My Grandma, Marija Kosoris, came from the rural Polish village of Shukiw in south east Poland (now Zhukiv in Ukraine), where she lived in a close-knit family. But, in 1941, she watched as the Nazis bombarded her village, massacred many villagers, and split up families. She was ripped from her relatives and taken away, alone, to Germany, a country she had probably never been to before, and forced to work on a farm as a slave-labourer. Fed on raw potatoes and facing terrible conditions, she must have felt her life had ended. She was 17 years old.
I don’t really know much about Grandad, Hryhory Bretan, at all; there are stories that he may have been a farmer, or a soldier, or that he had to bury his own brother during the war – but all of this is mere speculation. Nobody really knows anything. Unlike Grandma, we do not have his identity card; in fact, we have nothing he owned before 1945. All we know is that he was born on 25th January 1920, and then, in 1947, married my Grandma in a displaced persons' camp, Watenstedt-Salzgitter, in Germany. They moved to the UK shortly after, bringing only one suitcase, a Ukrainian Bible, and their marriage record.
They were assiduous in making sure to forget any remnants of their past lives.
We only have one box of things connected to them, now. One album of family photographs, taken after 1945; one small portfolio of documents; one collection of Eastern European painted eggs.
But each time I visit my Grandma’s grave I cannot fail to acknowledge the blatant anglicised spelling of her first name, as if, even in death, there could be no connection to her origins. There is a part of me that wants to take a big fat permanent marker and change it: restyle ‘Maria’ into ‘Marija’ and strive to openly exhibit our family’s roots – but then I remember that she, and my Grandad, so evidently did not want links to their past; they tried to assimilate, rather than remember. And then I become perplexed at what I can do, because I, instead, desperately try to reconnect.

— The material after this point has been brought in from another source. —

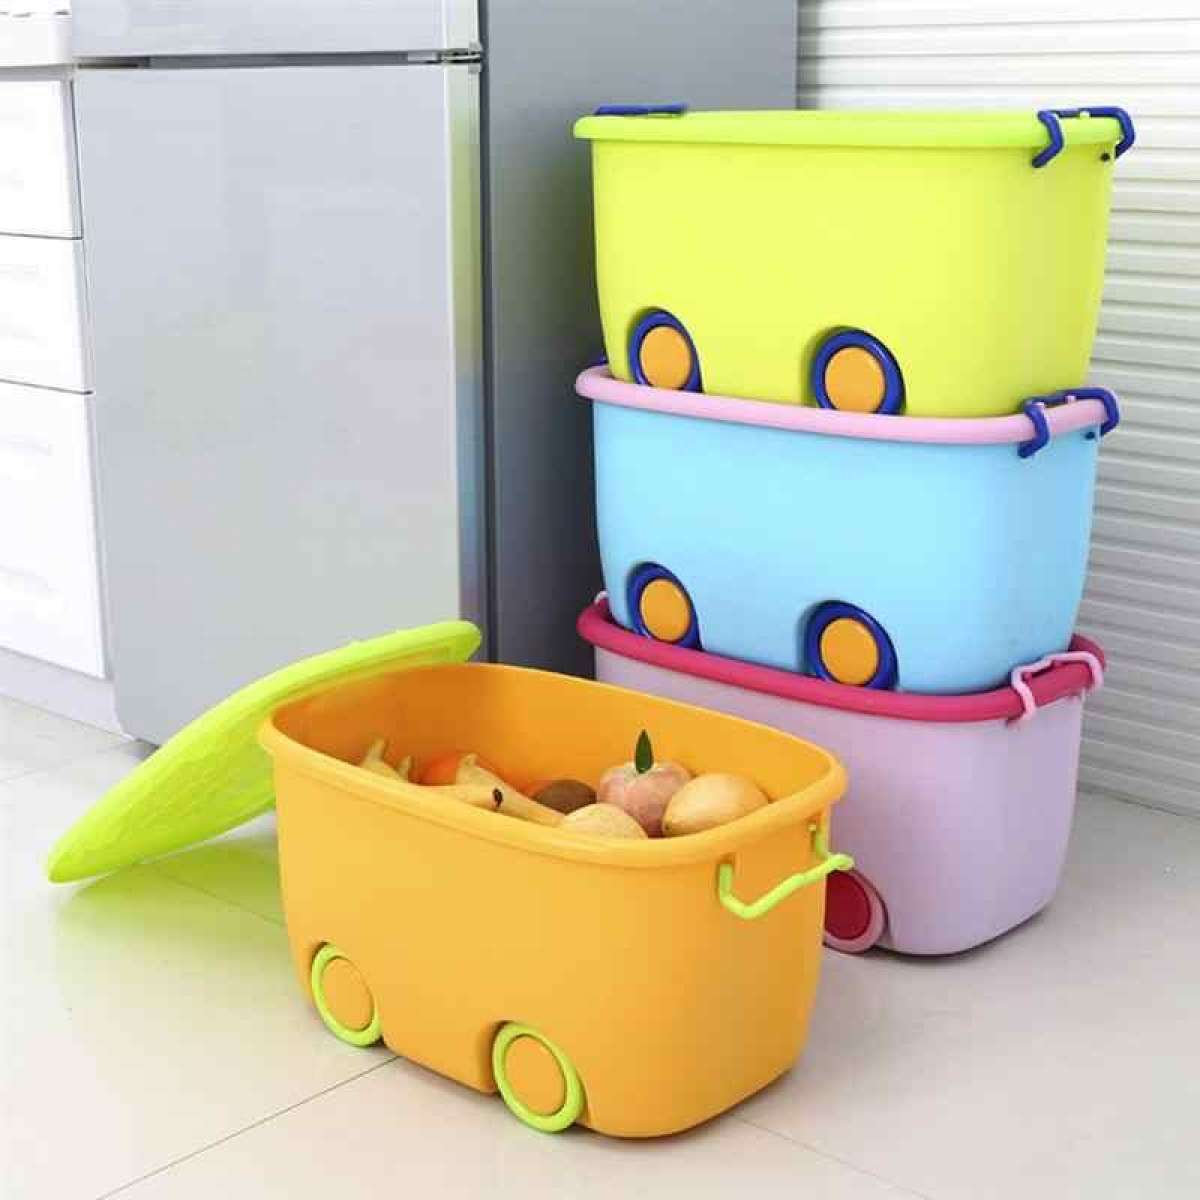 Children kids toy storage box wheeled plastic storage organizer

It’s hard, because I cannot re-join the dots – there are no dots to be found in the first place; and, even if there were, I don’t believe my grandparents would have wanted them to be explored. They worked so hard to erase their pasts; reduced Borsch into Yorkshire puddings and let whispers of Ukrainian transform into fluent English dialogue. They hardly spoke about what had happened to them, and all we know now are mere rumours.
But, nevertheless, one does feel as if there is something missing. After all, the homophony between Britain and Bretan is, quite frankly, undeniable.
I cannot ask my grandparents about their past: my Grandad died nearly 40 years ago, and my Grandma nearly 20. There is no place to find an ultimate answer; no television resolution that will finally be discovered at the end of the last episode. Life, sadly, isn't like that. And yes, maybe I could go eastwards and try to piece together the mystery by myself or, better still, hope for an invitation to be featured on Who Do You Think You Are – but research could never truly bring me closer to the side of my family I never knew. What use are birthdates and school reports and property records when I cannot share in the grandparent jokes that flood my Facebook timeline; when I am unable to stay at their house in summer; when we cannot meet up for afternoon tea on a warm Sunday?
Remnants of history may bring me some links to my grandparents; but I will never have memories. I will never have experienced life with them. And I can't help but feel that it is that, instead, which is of the greatest importance.